Far Afield: A Sportswriting Odyssey (Paperback)
A Year in Provence . . . in sweats
Some people would consider writing for Sports Illustrated a dream job. Others fantasize about living idyllically in the South of France. S. L. Price got to do both. Assigned by Sports Illustrated to cover sports in Europe, Price relocated his family to a small hamlet in Provence, and then set out to uncover the soul of world athletic competition.
In an attempt to comprehend the planet's most intense and bloody sports, he immersed himself in the cricket rivalry between India and Pakistan. He spent time with Lance Armstrong as the cyclist fended off rumors of performance-enhancing drugs. He argued politics with Olympic athletes in Athens, covered Austria's beer-drenched version of the Super Bowl, and caught basketball fever in Belgrade—as he, his wife, and children tried to adjust to life in a Europe convulsed by terrorism, anti-Americanism, and George Bush's war in Iraq.
Far Afield is an extraordinary memoir of growth, family, and games people play worldwide.
About the Author
S. L. Price, a senior writer at Sports Illustrated since 1994, has written two other books—Pitching Around Fidel, which was a finalist for the Los Angeles Times Book Prize, and Far Afield, which Esquire named one of the top five books of 2007. He lives in Washington, D.C., with his family.
Praise for Far Afield: A Sportswriting Odyssey…
Praise for FAR AFIELD: “The seasoned reporter behind this memoir is a master of the new journalism developed by Hunter Thompson, Gay Talese and Price’s personal paragon, Pete Hamill.
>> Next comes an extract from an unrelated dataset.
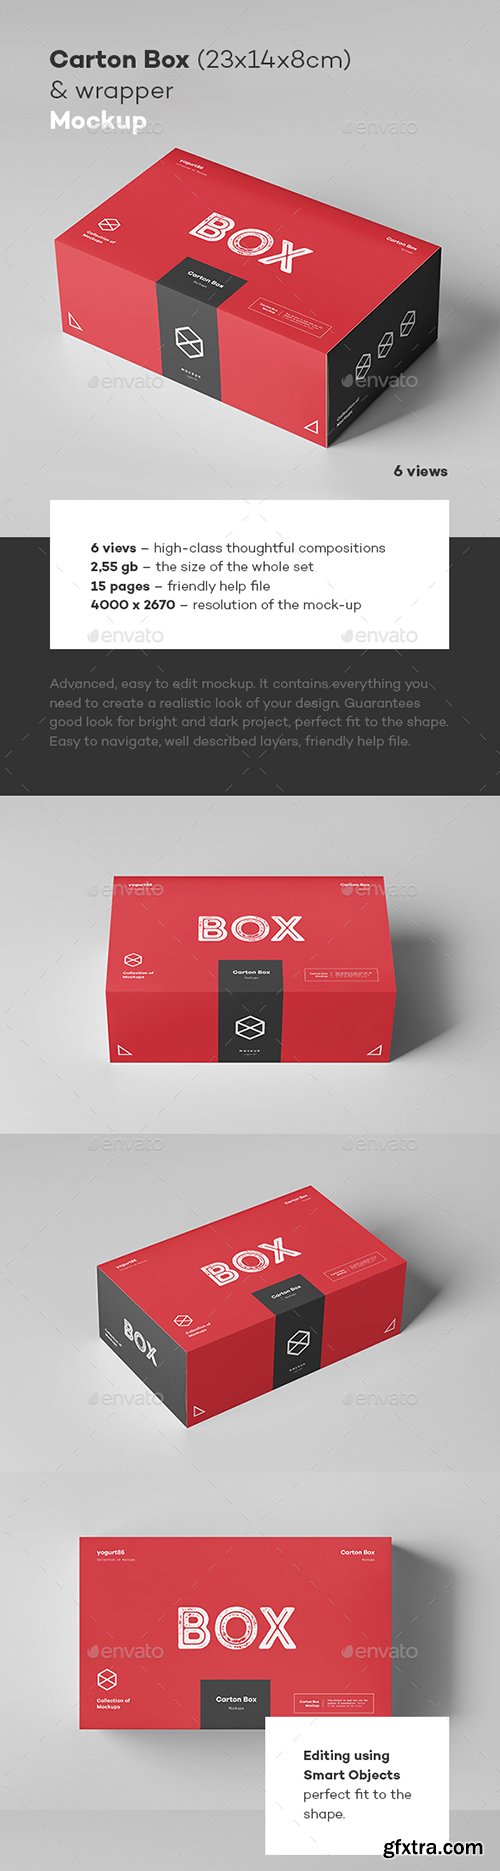 Graphicriver - Carton Box Mock-up 23x14x8 & Wrapper 22713078

Whenever he writes about sports--or about the craft of writing--he hits it over the fence.”
-New York Times Book Review
“One of the year’s five best reads.”
“Price blends an unerring eye for detail and nuance with fresh, crackling prose that gives these insights a startling authenticity.”
“[Price is] perceptive, open-minded, and intelligent, transcribing Europe with the confident, lofty lyricism of an American sportswriter who has found his voice.”
“A social commentarry of the first order. Highly recommended.”